__Stored data__:
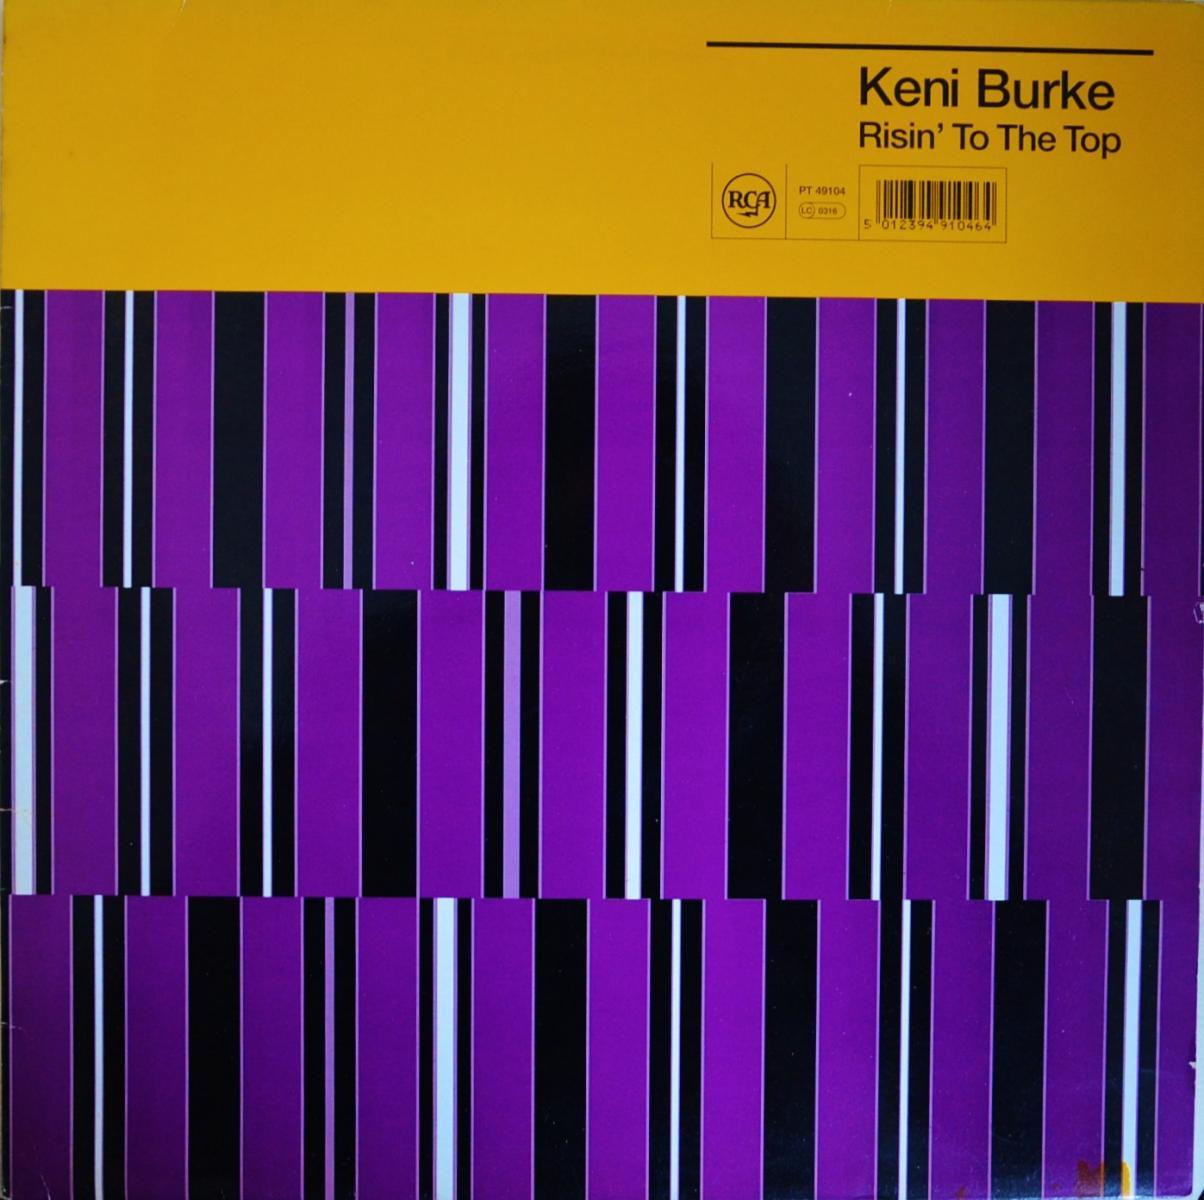 KENI BURKE / RISIN' TO THE TOP -UK (12
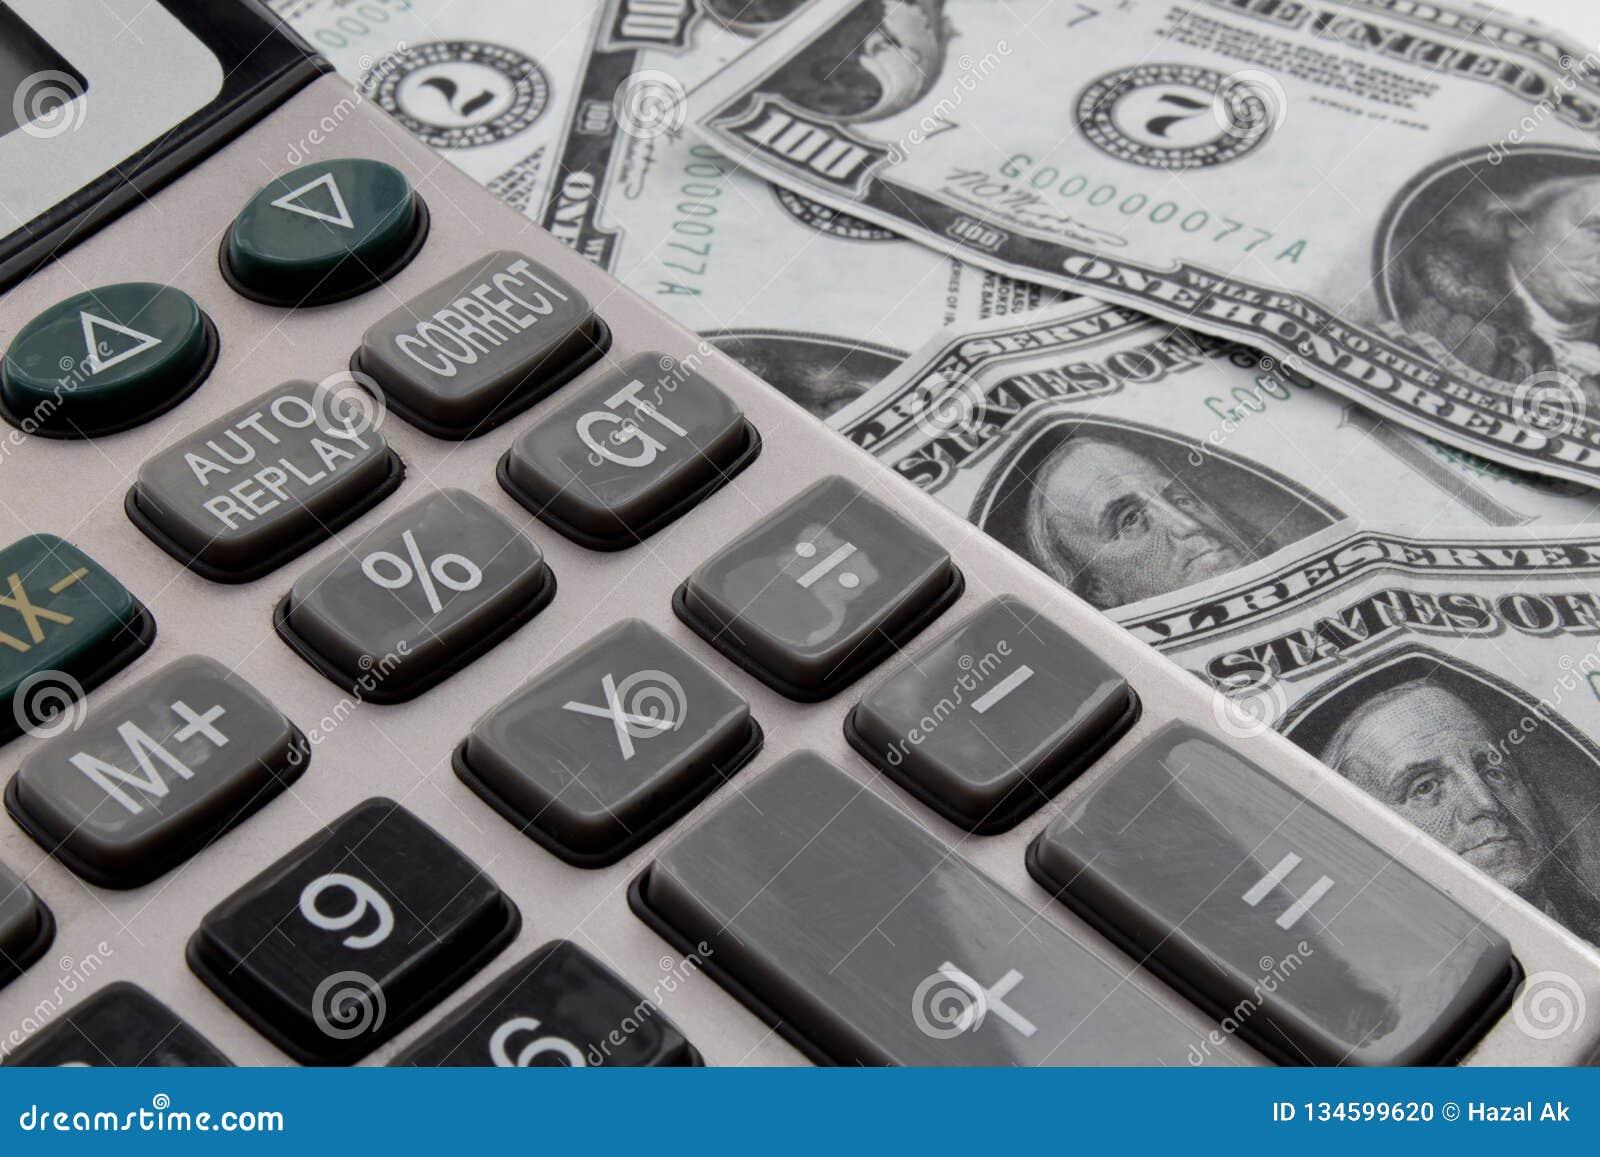 Kalkulator i dolary na biurku
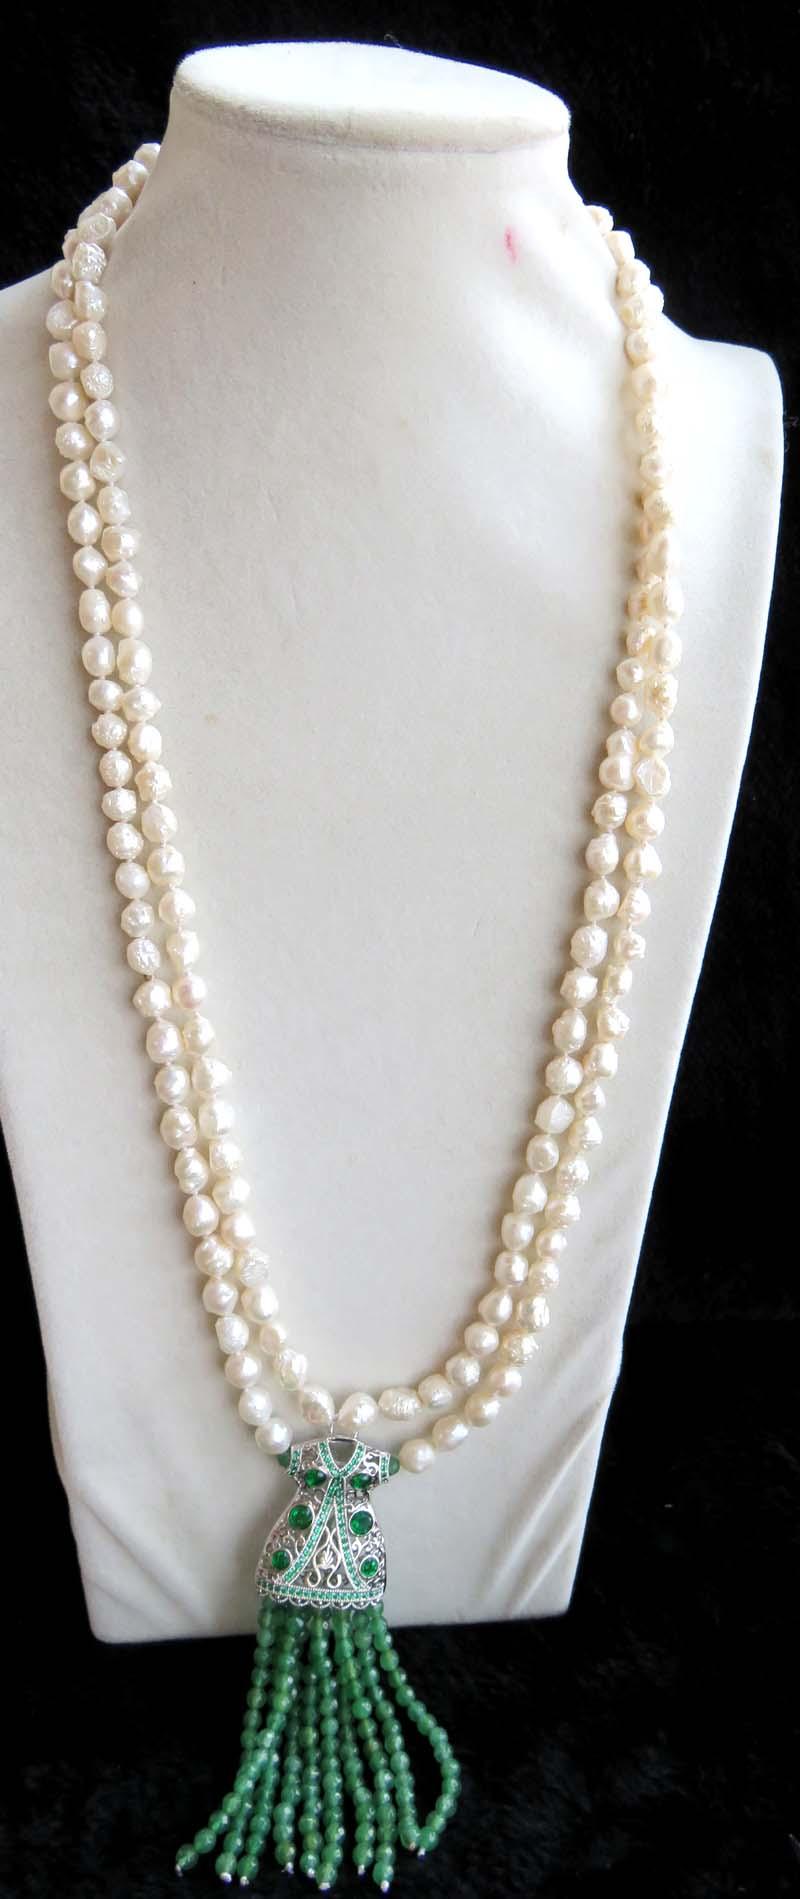 3 righe dacqua dolce bianco perla barocca & beads natura verde giada collana 40 inch FPPJ allingrosso3 righe dacqua dolce bianco perla barocca & beads natura verde giada collana 40 inch FPPJ allingrosso

__Instructions to follow__: Word for word, restate all of the data, but do not copy the pictures.

__Solution for this problem__:
 KENI BURKE / RISIN' TO THE TOP -UK (12
 Kalkulator i dolary na biurku
 3 righe dacqua dolce bianco perla barocca & beads natura verde giada collana 40 inch FPPJ allingrosso3 righe dacqua dolce bianco perla barocca & beads natura verde giada collana 40 inch FPPJ allingrosso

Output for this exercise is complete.